Viajante de Marco de Canaveses completa três de meses da ‘volta ao mundo’

Viajante de Marco de Canaveses completa três de meses da ‘volta ao mundo’

Passam três meses desde o início da aventura de Sílvio Marco que se encontra a dar a volta ao mundo.

Fomos encontrá-lo na sexta-feira em Macau. Até ao momento, o viajante natural de Marco de Canaveses já percorreu a Lituânia, Letónia, Estónia, Finlândia, Rússia, Mongólia e China, incluindo Hong-Kong e agora Macau.

Para se deslocar entre os vários países que incluiu no seu roteiro, Sílvio Marco usa meios de transporte públicos, como o comboio e autocarro e a escolha para pernoitar têm sido hostels, até porque tem um plafond mensal que tenta cumprir, e permite “o convívio com outros viajantes” com os quais se vai cruzando.
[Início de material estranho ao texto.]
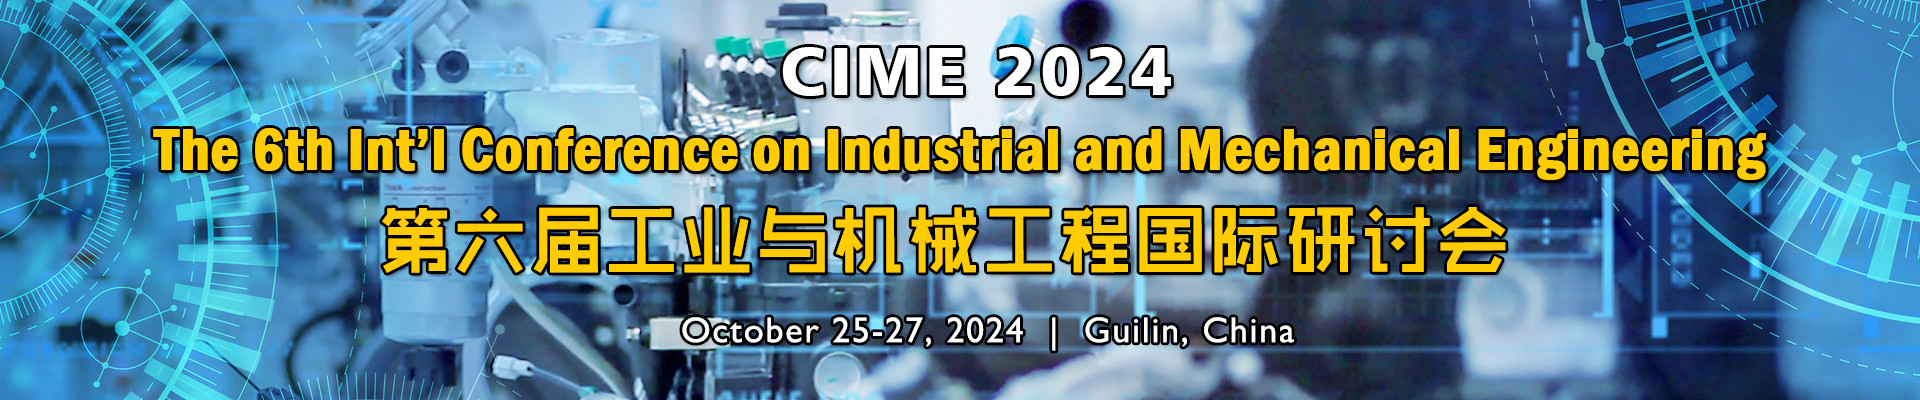 第六届工业与机械工程国际研讨会(CIME 2024)
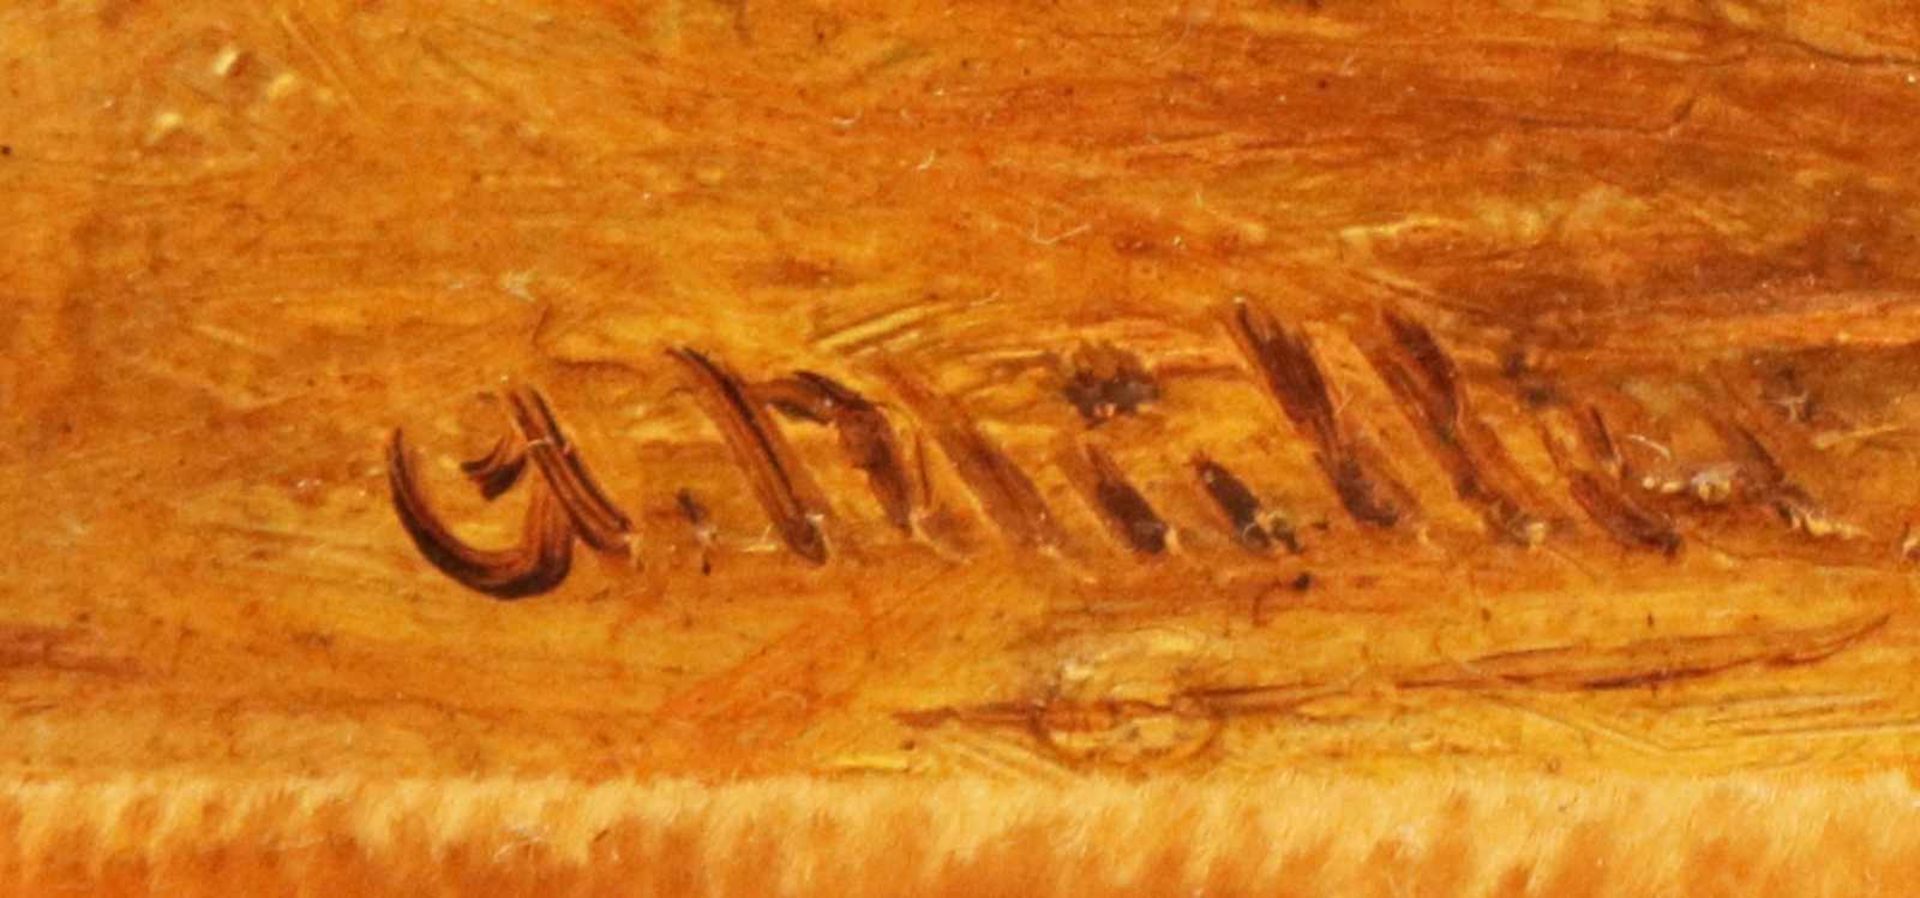 UNBEKANNTER KÜNSTLER Öl auf Holz, ¨Pferdeporträt ¨ (brauner Hengst), unten rechts signiert ¨G. - Image 2 of 2

Ao longo destes três meses a conhecer o mundo, o marcoense destaca algumas experiências que o marcaram. “Na Rússia, fui convidado para assistir à final da suportava russa entre o CSKA e o Lokomotiv, onde jogam o Éder e o Manuel Fernandes”, começou por dizer.

Depois, na Mongólia, “marcou-me bastante a semana que passei com famílias nómadas, ficando a conhecer bem de perto o dia-a-dia destas gentes que percorrem a estepe com milhares de cabeças de gado e cuja gastronomia se baseia em carne fresca e leite com os seus derivados”.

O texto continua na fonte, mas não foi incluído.